The chapter “The Nun’s Tale” is transcendental, while also illustrating Jainism’s extreme forms of piety. Thus Mataji, to become a true nun, has her hair plucked from her head in a blood-splattering process, rather than having it shaved: “As wanderers, we monks and nuns are free of shadows from the past.” Forgetting her vows, Mataji cries at her best friend Prayogamati’s sallekhana, the slow fast unto death.
The same human frailty is manifest in the story of the prostitute Rani Bai, a devadasi dedicated to the goddess Yellamma. Rani Bai actually believes her profession is a sacred calling. But in a profane twist, she sends her daughters into prostitution, knowing the perils of her own wasting life. The daughters die of Aids, and she herself contracts the HIV virus. For all her wrong choices, Rani Bai is not tarnished, because humans are wired to make heroes of victims.
More redeeming is the story of Mohan, the bhopa singer, who keeps alive an oral tradition of storytelling passed down for generations. Similarly, Srikanda, the maker of Chola bronzes, shows an intense faith, in his belief that the idols acquire a divine persona over time.
Dalrymple explains that, instead of writing the conventional travel book, where the story is the writer’s, he chose to let the subjects take centre stage. This works beautifully. We have long passages where the protagonists talk, the author rarely interjecting. But even if this creates novelistic characters, Dalrymple is still writing about spiritual experiences. Why, then, does he criticise those who write about India’s spirituality?
There are other questions too. Is renunciation necessary for spiritual clarity? To what use should we put our piety? Is Lal Peri, who suffers multiple dislocations – as a Bihari Muslim refugee in East Pakistan, as a Bihari who leaves Bangladesh for Pakistan, and finally, as a woman who leads a single woman’s life in a Sufi shrine – a victim, or a seeker of solace? From such personal questions Dalrymple contrives tussles between orthodoxy and heterodoxy, etching the complex relationship between Hinduism, Sufi Islam and orthodox Islam.
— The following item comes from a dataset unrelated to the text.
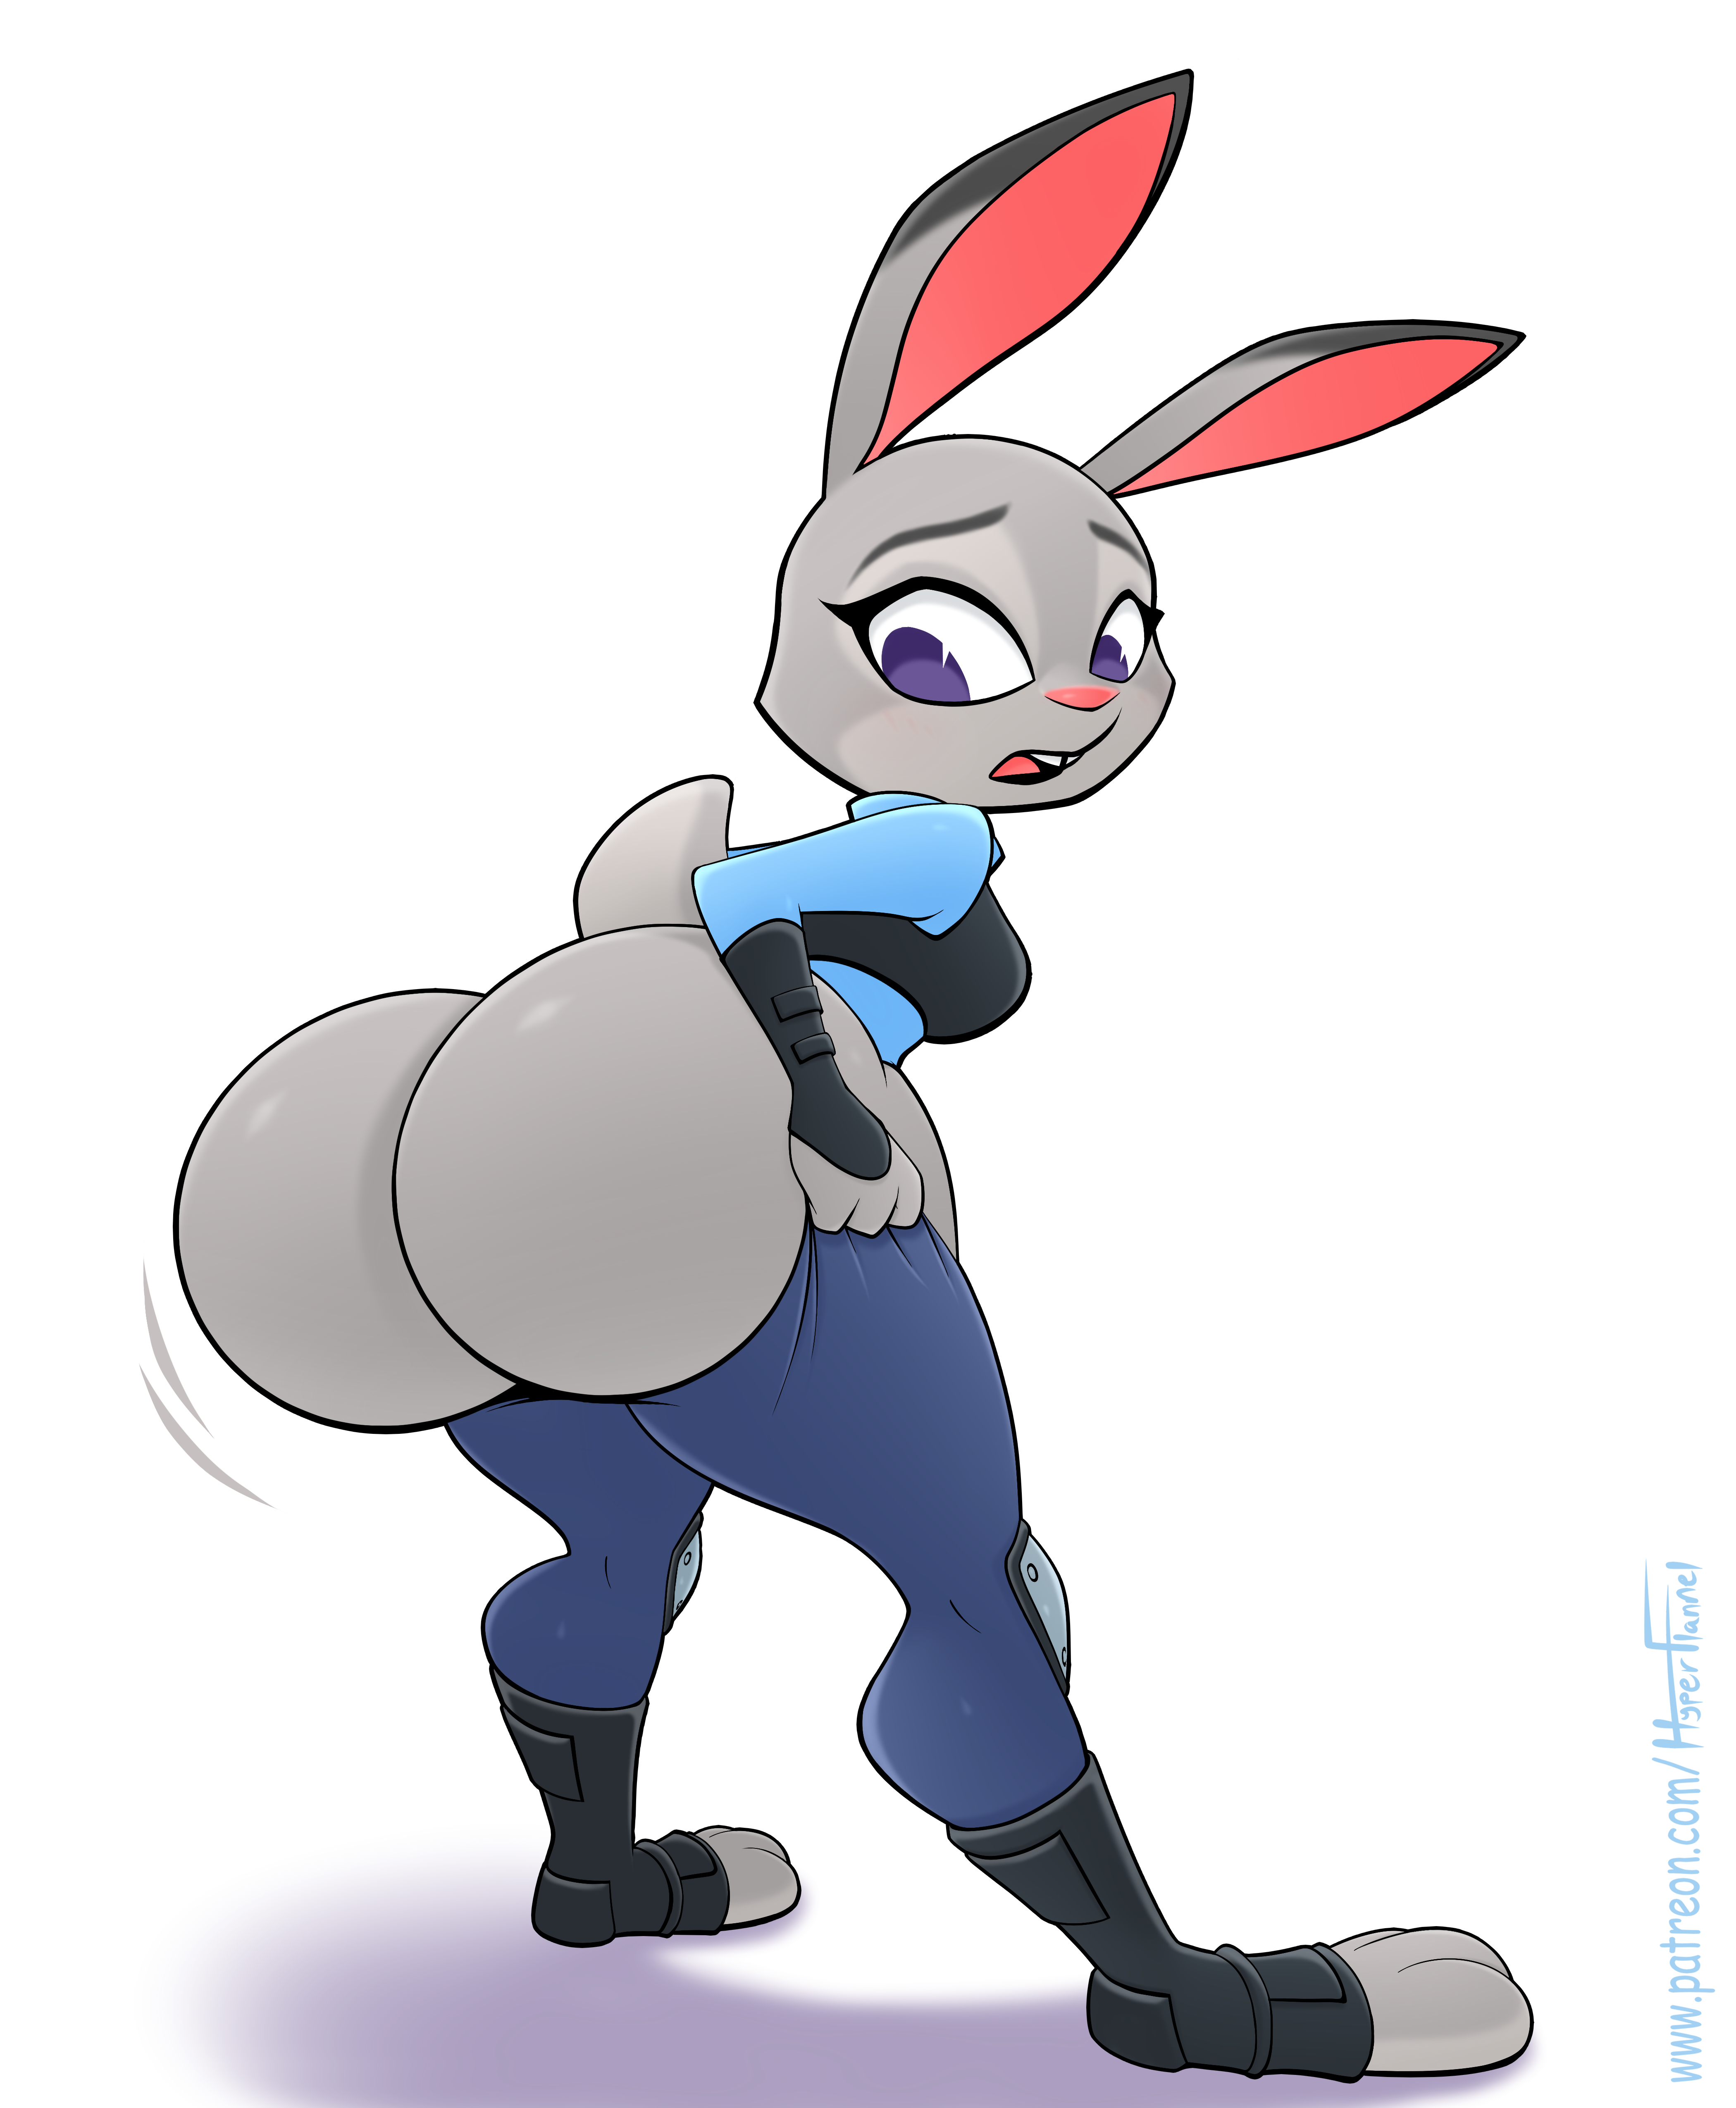 channing perry recommends judy hopps ass pic

There are long explanations of the philosophical tenets of Jainism, the Devadasi system, or the early Britons in Kerala, who rest “in their domed classical tombs on the headland above the breakers”. The chapter “The Maker of Idols” provides an analysis of Chola civilisation and its sculpture: “In Western art, few sculptors – other than perhaps Donatello or Rodin – have achieved the pure essence of sensuality so spectacularly evoked by the Chola sculptors.” Here, the author’s voice speaks more than the subject’s.
There is the bizarre Tantrik journey of Manisha Ma Bhairavi: “Before you drink from a skull, you must find the right corpse.” Dalrymple narrates the history of Tantrism, the enduring cult that began in early medieval India, an alchemy of yoga, magic, metaphysics and philosophy. The last chapter, “The Song of the Blind Minstrel”, is on Bengal’s Baul singers, another group of wanderers.
True, Indian spirituality is not confected, but it is connected to distress, which is a material condition. This is clear from the stories of these men and women, picked from the far corners of India and Pakistan. Each story is an intense revelation, a kind of spiritual romp. For Westerners, what sets India apart are the magical cults Dalrymple describes, which disappeared in Europe after the Middle Ages. Therefore, for them, this book is a magnet to a lost past. But is India’s spirituality unique, or are Indians getting on, much like others?
Jitendra Nath Misra is an Indian Foreign Service officer, most recently ambassador to Laos. The views expressed here are his own and do not reflect those of the government of India.